━━━━━ Input material ━━━━━

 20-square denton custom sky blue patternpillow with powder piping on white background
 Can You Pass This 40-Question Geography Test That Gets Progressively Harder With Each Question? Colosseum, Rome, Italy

━━━━━
━━━━━ Input material ━━━━━

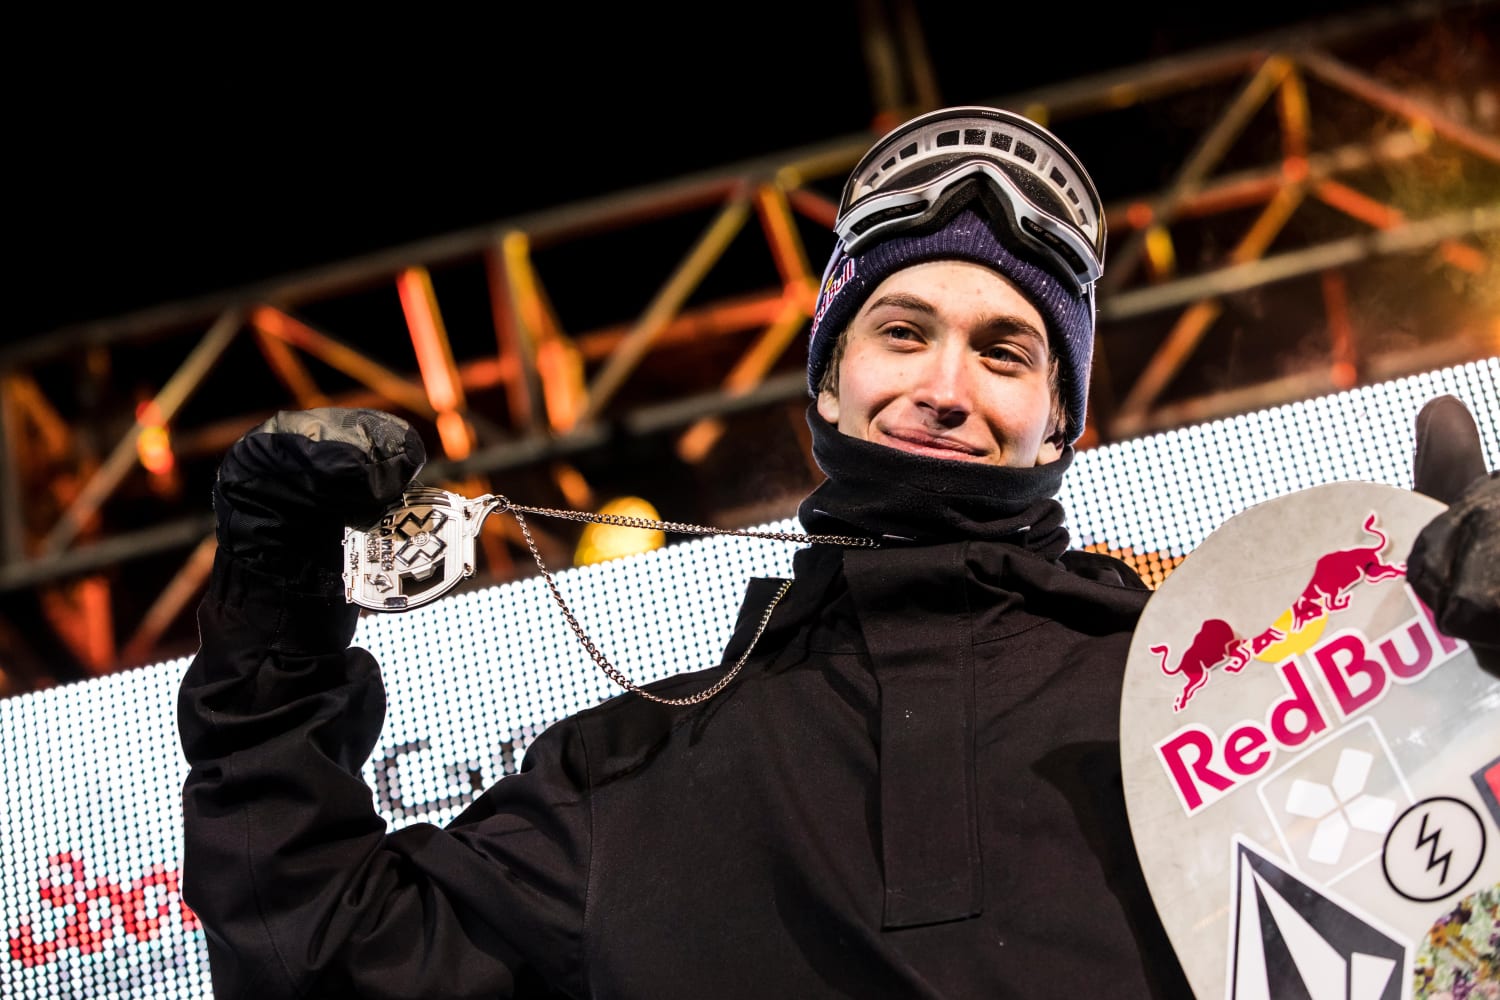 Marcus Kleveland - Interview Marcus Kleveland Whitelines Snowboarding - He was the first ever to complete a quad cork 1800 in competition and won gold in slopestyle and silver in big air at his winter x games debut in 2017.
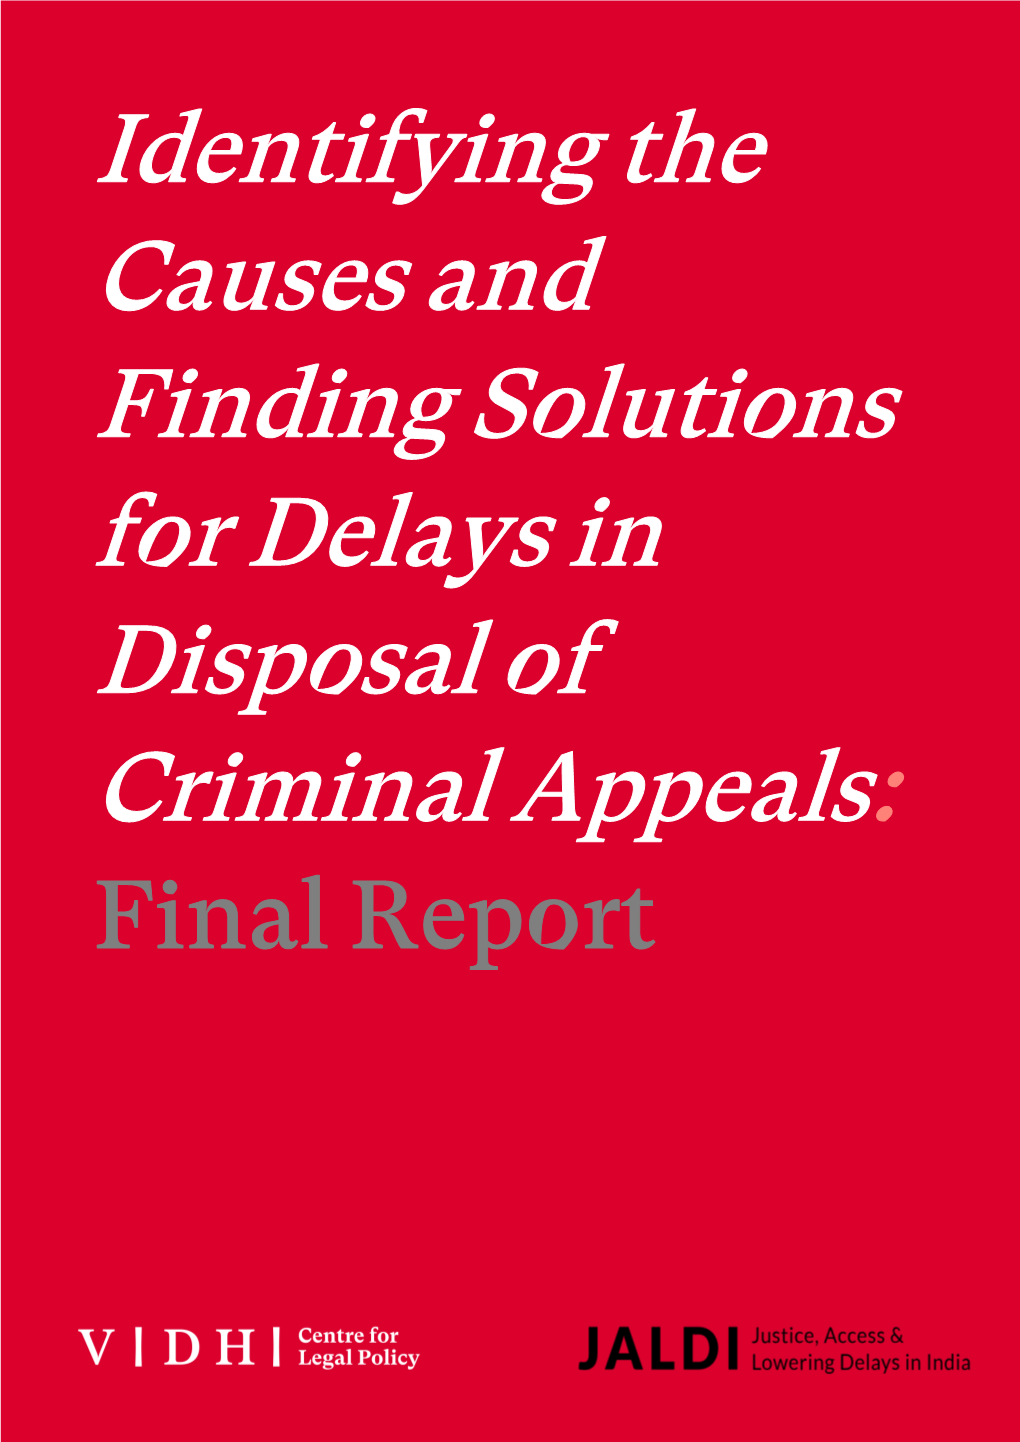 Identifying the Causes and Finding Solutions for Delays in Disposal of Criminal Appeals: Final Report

━━━━━

[What this task involves]
An exact copy of the lines above, from the one containing "20-square denton custom" down to the one containing "Can You Pass" and including both, is the whole answer; retype it and nothing else.

[Task result]
 20-square denton custom sky blue patternpillow with powder piping on white background
 Can You Pass This 40-Question Geography Test That Gets Progressively Harder With Each Question? Colosseum, Rome, Italy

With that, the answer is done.